The legislation specifies that Homeland Security Secretary Janet Napolitano allocate no less than $100 million for “areas at the highest threat of terrorist attack.” Joshua Filler, a former DHS official who helped create UASI, recently wrote that while it was “reasonable” to assume that money would go to urban areas, Napolitano has discretion to distribute it “according to threat, vulnerability and consequence.”

Napolitano isn’t expected to announce a decision until late February. But many observers expect DHS will shrink the program back to the original 10 metro areas. That would leave Atlanta, Baltimore, Denver, Miami and Seattle among those left out in the cold, with smaller metro areas already feeling the sting of budget cuts in areas such as bio-terrorism preparedness.

Democrats have railed against reduced funding. Rep. Brian Higgins of Buffalo has said the cuts pose “the potential of creating gaping holes in regions making significant contributions to our national security.”

Anderson and other UASI managers have asked Napolitano to allot $600 million for urban area grants, including $60 million for “sustainment and preservation of the capabilities developed over the past decade” in cities no longer eligible for funding in 2012.

But the Government Accountability Office (GAO) and critics in Congress question the value of UASI grants. They say there has been little research into their effectiveness and even less oversight. Many point to millions in “unspent” grants sitting in city coffers, despite the fact that cities are given three years to spend grant money for services or equipment that has yet to be delivered.
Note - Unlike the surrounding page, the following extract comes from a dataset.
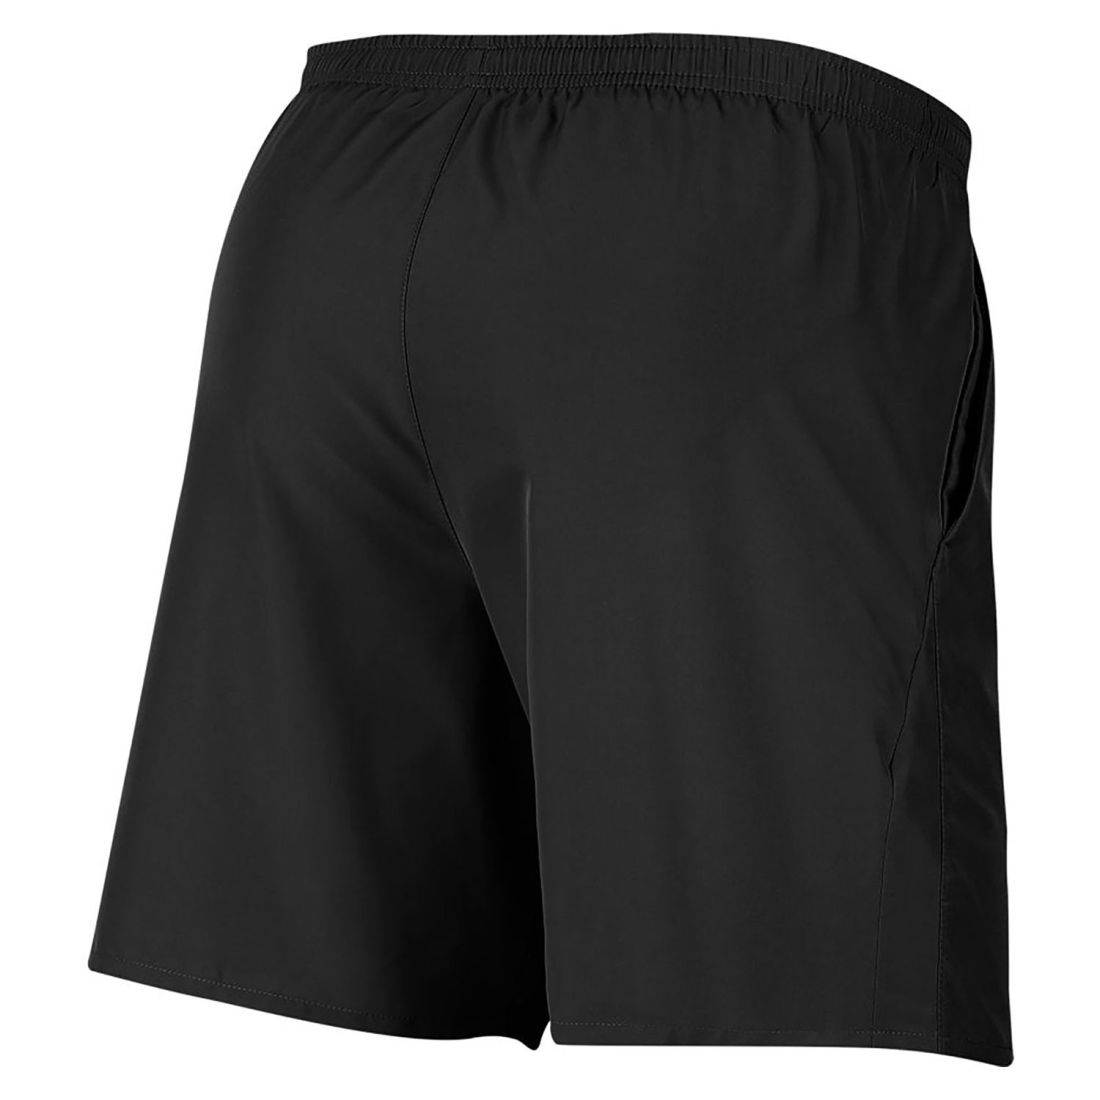 Мужские беговые шорты Nike Men's 7&quot; Running Shorts
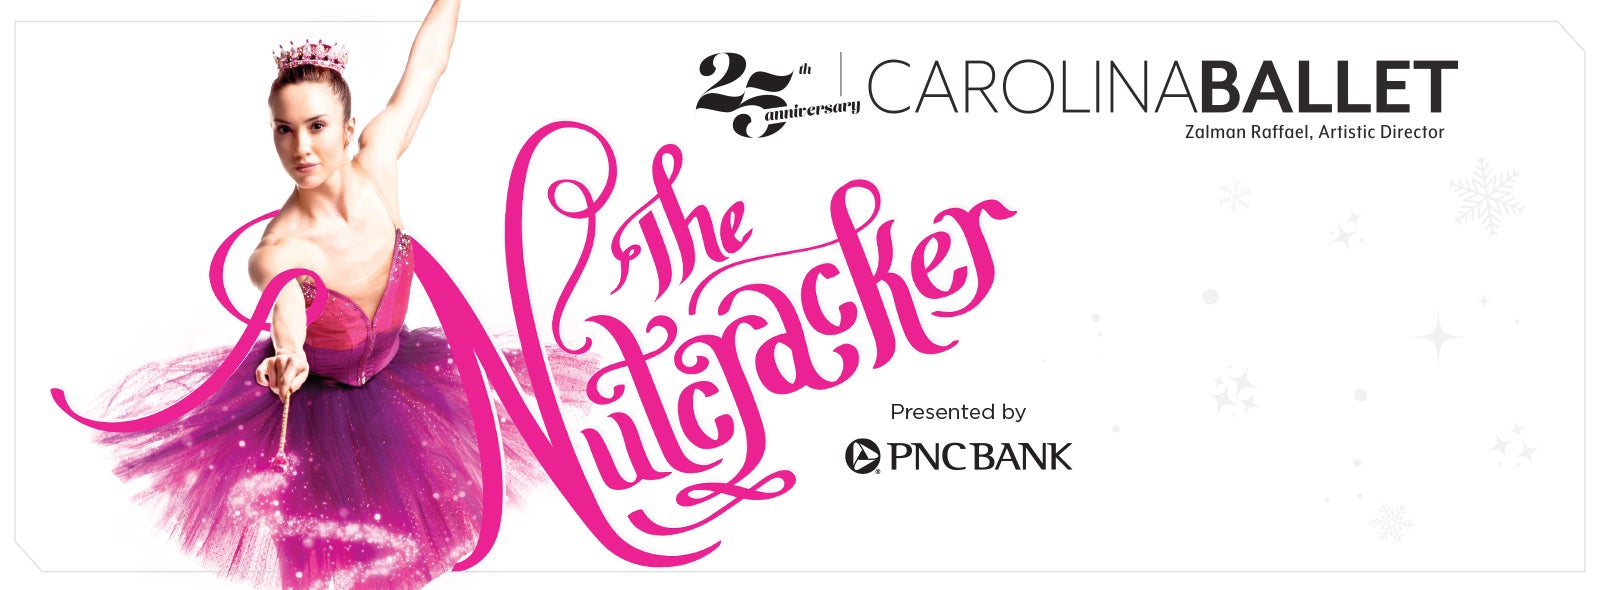 Carolina Ballet's The Nutcracker

Rep. Peter King (R-N.Y.), chairman of the House Homeland Security Committee, whose Long Island district lost more than 150 constituents on 9/11, has said it is time to stop spending money on low-risk regions of the country and instead concentrate increasingly scarce resources on big cities that remain the main targets of terrorists. Rep. Robert Aderholt (R-Ala.), chairman of the House Appropriations homeland security subcommittee, also defended the cuts, arguing that “more government and more spending does not necessarily equal more security.”

“It never made sense for these grants to turn into permanent subsidies,” said Benjamin Friedman, a research fellow in homeland security studies at the libertarian Cato Institute. “If states and localities think they need more emergency response capability or port security or whatever, then they ought to pay for it themselves. They have a better sense of what the relative priorities are.”

NOT JUST NEW YORK OR WASHINGTON

Supporters of continued funding point out that Osama bin Laden had been urging his followers to target smaller cities when he died and that recent terrorism suspects grew up or lived in American suburbs. They insist it is naive to think state and local governments walloped by the recession can fill the gap left by a cutoff of federal funds.

Before 9/11, counterterrorism was almost exclusively a federal issue. Today, in part due to federal homeland security grant programs like UASI, every state and 22 major urban areas have fusion centers, where analysts from local, state and federal agencies sift through and interpret threat data. Several big-city police departments, most controversially in New York, have set up their own intelligence divisions. The infusion of federal money also has contributed to an unwelcome militarization of police departments, which have bought Army-style armored personnel vehicles to use for crowd control and drug sweeps.

Despite some questionable purchases, Filler, the former DHS official, pointed out that UASI funds have played a small but critical role in securing cities against man-made and natural disasters by giving them “certain exotic capabilities they could not otherwise afford.” New York’s bomb squad used a UASI-funded remote-controlled robot to handle a car bomb in Times Square. Minneapolis has blasted federally funded sirens to warn of impending tornadoes. Miami purchased a fireboat to handle emergencies on cruise ships in its port.

By far the biggest chunk of UASI funds, $1.2 billion, has gone toward interoperable communications that allow first responders from different jurisdictions to talk to each other during emergencies. The 9/11 Commission Report cited construction of wireless networks as a top priority, and major cities such as New York, Chicago and Los Angeles have deployed systems with help from the federal government. But smaller cities are still playing catch-up and worry funding cuts will reverse the progress they’ve made.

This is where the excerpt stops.